Farklı dönemlerde ve müzakere sürecinde Türkiye gazetelerinin attığı "gaza getiren" başlıkları okuyan Cerrahoğlu, buna karşılık Financial Times, Guardian veya Corriera dela Sera gibi gazetelerin, Fransa Cumhurbaşkanı Jacques Chirac'ın AB'nin hazmetme kapasitesine dair sözlerini yansıttığını, Türkiye ile kültür farklarının dikkate alınmasını istediğini ve "Türkiye AB'ye ait midir, değil midir?" türünden sorular sorduğunu açıkladı.
Türkiye medyasının yaydığı iyimser ve toz pembe havayı, zirveden zirveye gündeme getirdiğini savunan gazeteci, bunun nedeni olarak medya-iktidar ilişkilerini gösterdi.
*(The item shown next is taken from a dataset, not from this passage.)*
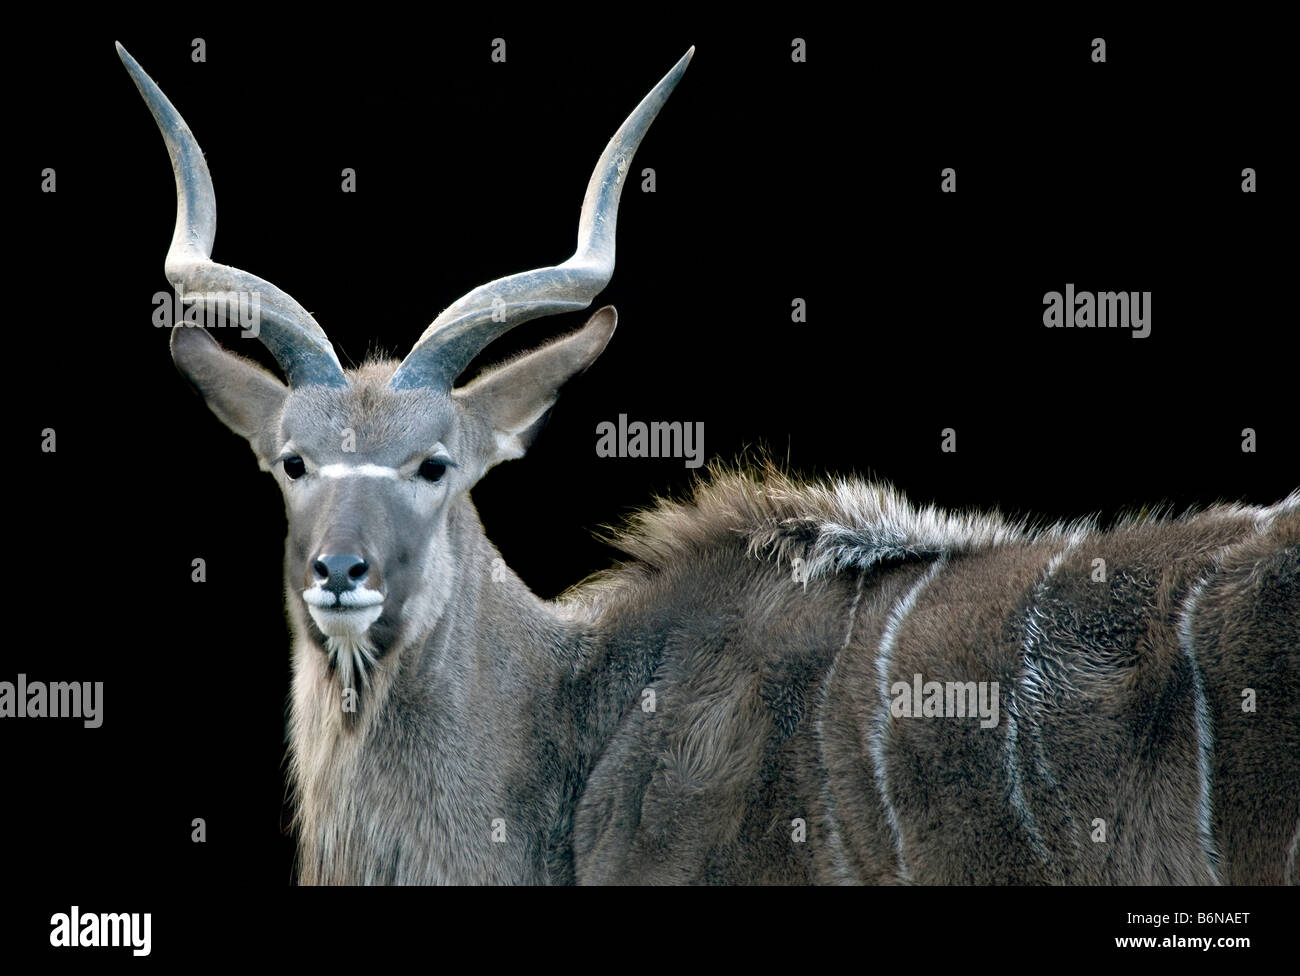 Greater Kudu (Tragelaphus strepsiceros) Stock Photo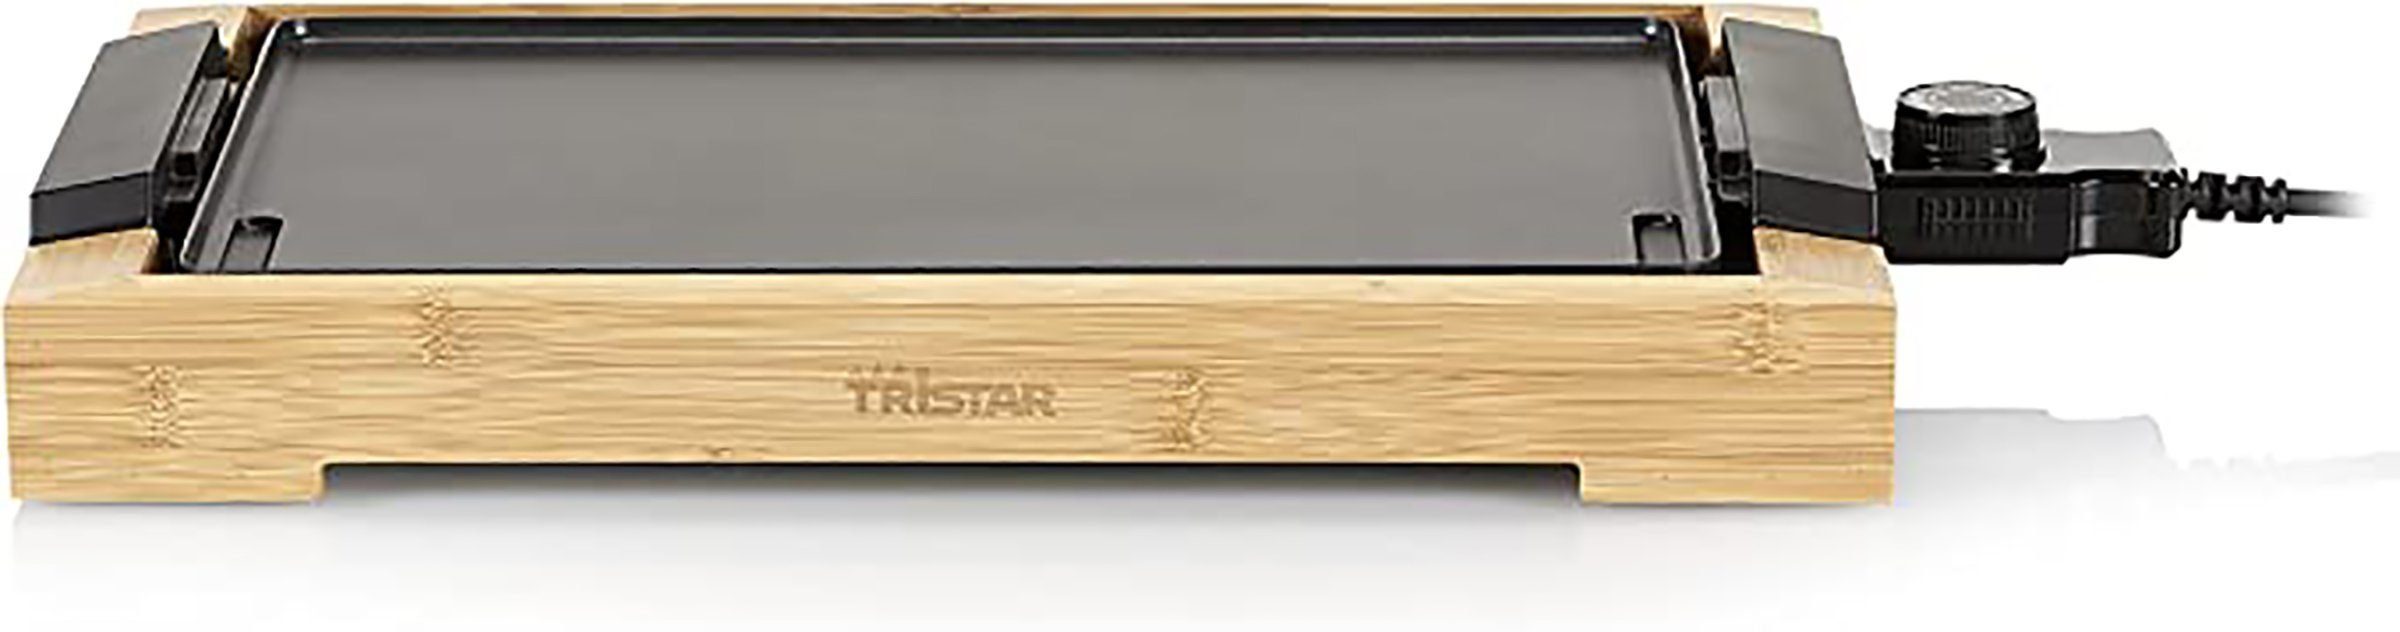 Elektrische 2000W Tristar DOTMALL 37x25cm Pfannen-Set Bambus Grillplatte

Türkiye'deki gazetecilerin formasyonlarının az olduğunu, bir tek Avrupa Komisyonu raporu okumamış habercilerin AB uzmanı kesildiğini söyleyen Cerrahoğlu, iktidarın sanal zaferlerle tüm bir kamuoyunu oyalayabildiği dikkate alınmadığını bildirdi.
"Medya hata ve eksikliklerini görmeli"
Avrupa'da olup bitenlerin tüm bu nedenlerle kavranmadığını, kamuoyu oluşturulamadığını ve gerçek-sanat bir kafa karışıklığıyla yaşandığını ifade eden Cerrahoğlu, sonuçta insanların da, "Zaten bizi almayacaklar" deyip işin içinden çıktıklarını belirtti.
İspanya'nın AB ile gerçekleştirdiği müzakere sürecini bu ülkeden izleyen gazeteci, İspanya'nın hiçbir zaman hedefini şaşırmadığını belirterek, buna karşılık Türkiye'nin sürekli olayların ardından sürüklenerek ilerlediğini açıkladı.
Gazeteci, Türkiye medyasının hatalarını ve eksikliklerini görmesi gerektiğini, Brüksel'deki gazeteciliğin geliştirilmesi gerektiğini ve AB'nin sadece Ankara'dan izlenmemesi gerektiğini söyledi.
Tınç: AB'nin ortak medya politikası yok
Cerrahoğlu'dan sonra söz alarak AB'nin medya politikası üzerinde duran gazeteci Ferai Tınç, AB'nin ortak bir medya politikası bulunmadığını, basın ve ifade özgürlüğüne yasaları arasında önemli yer ayırırken, haber kaynaklarına serbestçe ulaşma sıkıntısı yaşandığını ve devlet sırrı kavramının ciddi bir engel olduğunu ifade etti.
AB'de sadece anti-trust ve Sınır aşırı TV Sözleşmesi bulunduğunu hatırlatan Tınç, Birliğin ABD'deki TV gücüne karşı büyük bir medya gücü oluşturmaya çalıştığını ama bunu başaramadığını açıkladı.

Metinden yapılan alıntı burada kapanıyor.